Key Highlights
- An IEP (Individualized Education Program) is a legally binding plan that provides specialized instruction, services, and accommodations for children with disabilities — including autism — at no cost to families.
- Minnesota uses specific ASD eligibility criteria under Rule 3525.1325, requiring documented impairments in at least two core areas (social interaction, communication, or restricted/repetitive behaviors) with social interaction always included.
- A medical autism diagnosis is not required for IEP eligibility in Minnesota — the school’s multidisciplinary evaluation can independently establish educational need.
- Parents can invite their child’s BCBA or ABA therapist to IEP meetings to help align therapy goals with school objectives for consistent progress across settings.
- PACER Center in Minneapolis offers free IEP advocacy support, workshops, and guides specifically for Minnesota families navigating special education.
What Is an IEP and Why Does It Matter for Children with Autism?
An Individualized Education Program (IEP) is a written plan developed by a team of educators, specialists, and parents that outlines the specialized instruction, related services, and accommodations a child with a disability will receive in school. It is not a suggestion or a set of guidelines — it is a legally binding document under the federal Individuals with Disabilities Education Act (IDEA), and every service described in it must be provided at no cost to your family.
For children with autism, an IEP is often essential. Autism affects how children communicate, interact socially, process sensory information, and manage transitions — all of which shape the school experience in ways that standard classroom supports may not address. An autism IEP in Minnesota ensures your child receives targeted help in the areas where they need it most, whether that means speech-language therapy, occupational therapy, a behavior intervention plan, social skills instruction, or specific classroom accommodations like visual schedules and sensory breaks.
Critically, an IEP goes beyond accommodations. Unlike a 504 plan (which we will compare below), an IEP includes measurable annual goals and a commitment to specialized instruction — meaning the school is responsible for actively teaching your child new skills, tracking progress with data, and adjusting the approach when something is not working.

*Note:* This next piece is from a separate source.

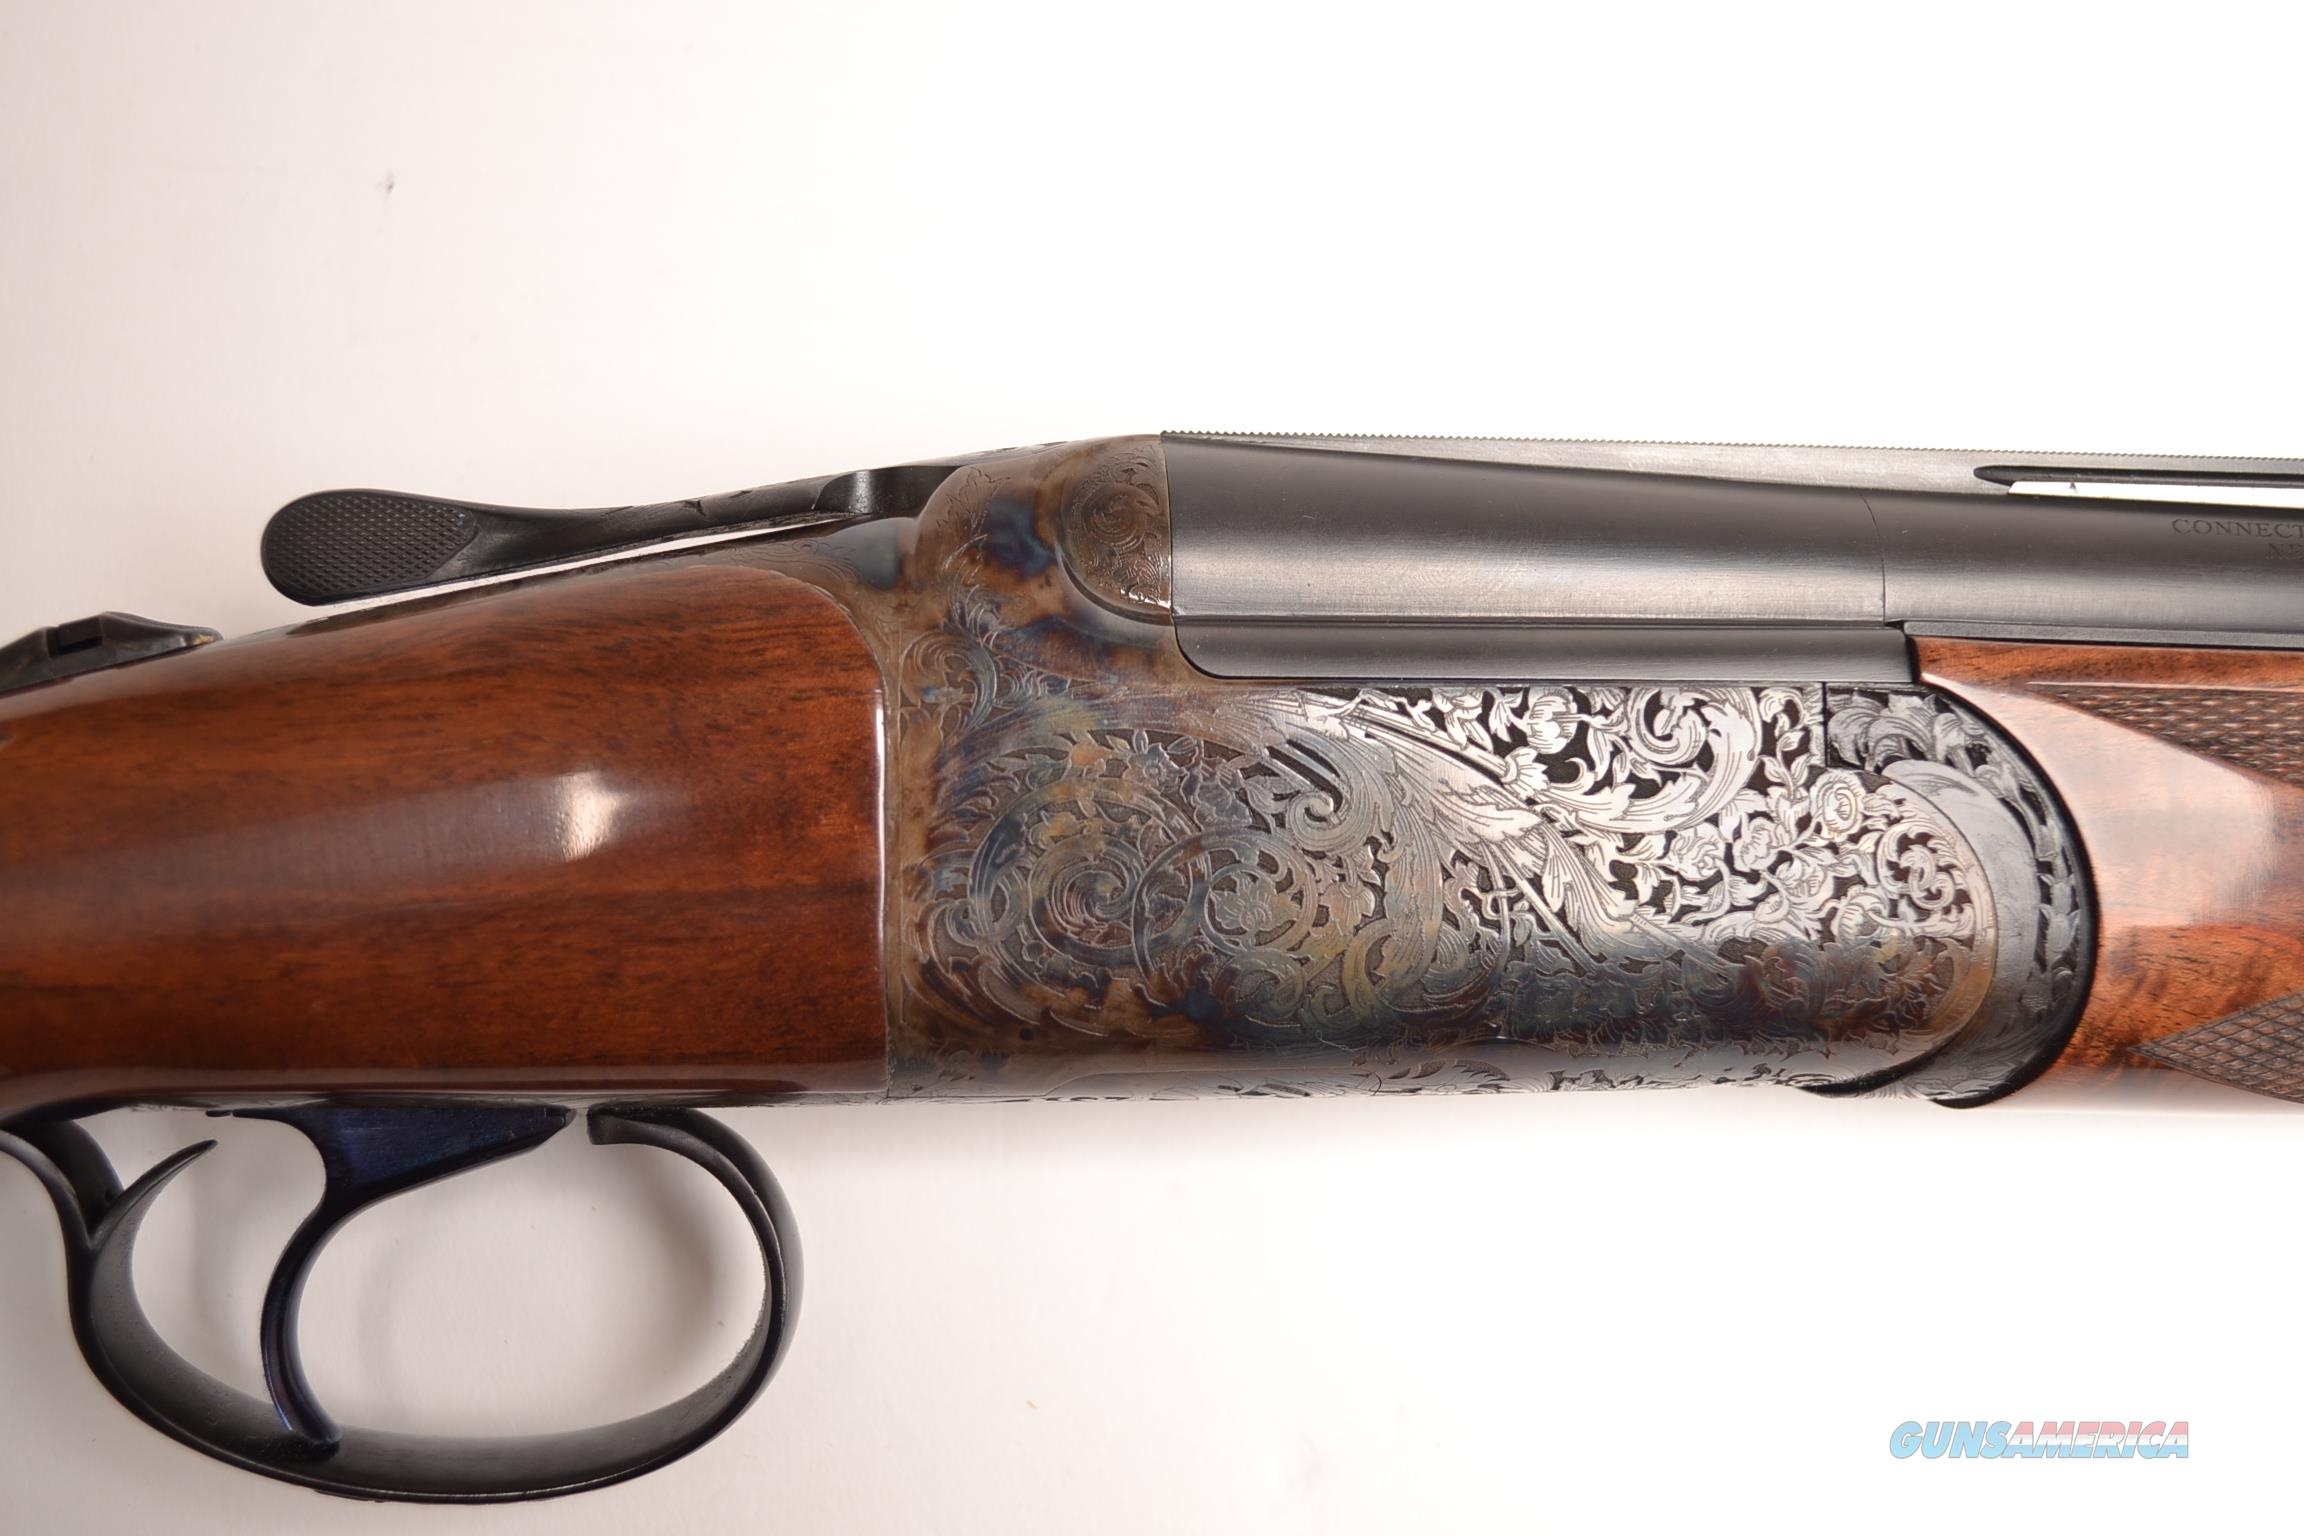 CSMC - Inverness  Guns > Shotguns > Connecticut (Galazan) Shotguns

If your child has been diagnosed with autism or you suspect they may be on the spectrum, understanding the IEP process is one of the most powerful steps you can take as a parent. It gives your child a structured path to meaningful support — and it gives you a legal framework to ensure that support is actually delivered.
How Minnesota Determines Autism IEP Eligibility
Minnesota has its own specific criteria for determining whether a child qualifies for special education services under the Autism Spectrum Disorder (ASD) category. These criteria are defined in Minnesota Rule 3525.1325 and go beyond simply having a medical diagnosis.
To establish eligibility, a multidisciplinary team — which includes at least one professional with experience in ASD and a school professional knowledgeable about special education criteria — evaluates your child across three core areas:
- Social interaction: Impairments in joint attention, facial expressions, peer relationships, or the ability to relate to people and objects in developmentally typical ways.
- Communication: Delays or differences in spoken language, conversational skills, or the use of repetitive and idiosyncratic language patterns.
- Restricted and repetitive behaviors: Inflexible routines, repetitive motor movements, intense fixations on specific interests, or unusual sensory responses.
Your child must demonstrate patterns in at least two of these three areas, and one of them must be social interaction. These patterns must be documented through at least two different methods — such as structured parent interviews, autism checklists, developmental rating scales, functional behavior assessments, or standardized testing.
One important distinction for Minnesota families: a medical diagnosis of autism is not required for your child to be found eligible for an IEP under the ASD category. The school’s own evaluation can independently establish eligibility based on educational need. Conversely, having a medical diagnosis does not automatically guarantee IEP eligibility — the team must still document that the disability adversely affects your child’s educational performance.
Also worth noting: eligibility is not limited to academics. A child who earns good grades but struggles significantly with social interaction, emotional regulation, or adaptive behavior in the school setting can still qualify. The evaluation must consider academic, developmental, and functional needs as outlined by the Minnesota Department of Education.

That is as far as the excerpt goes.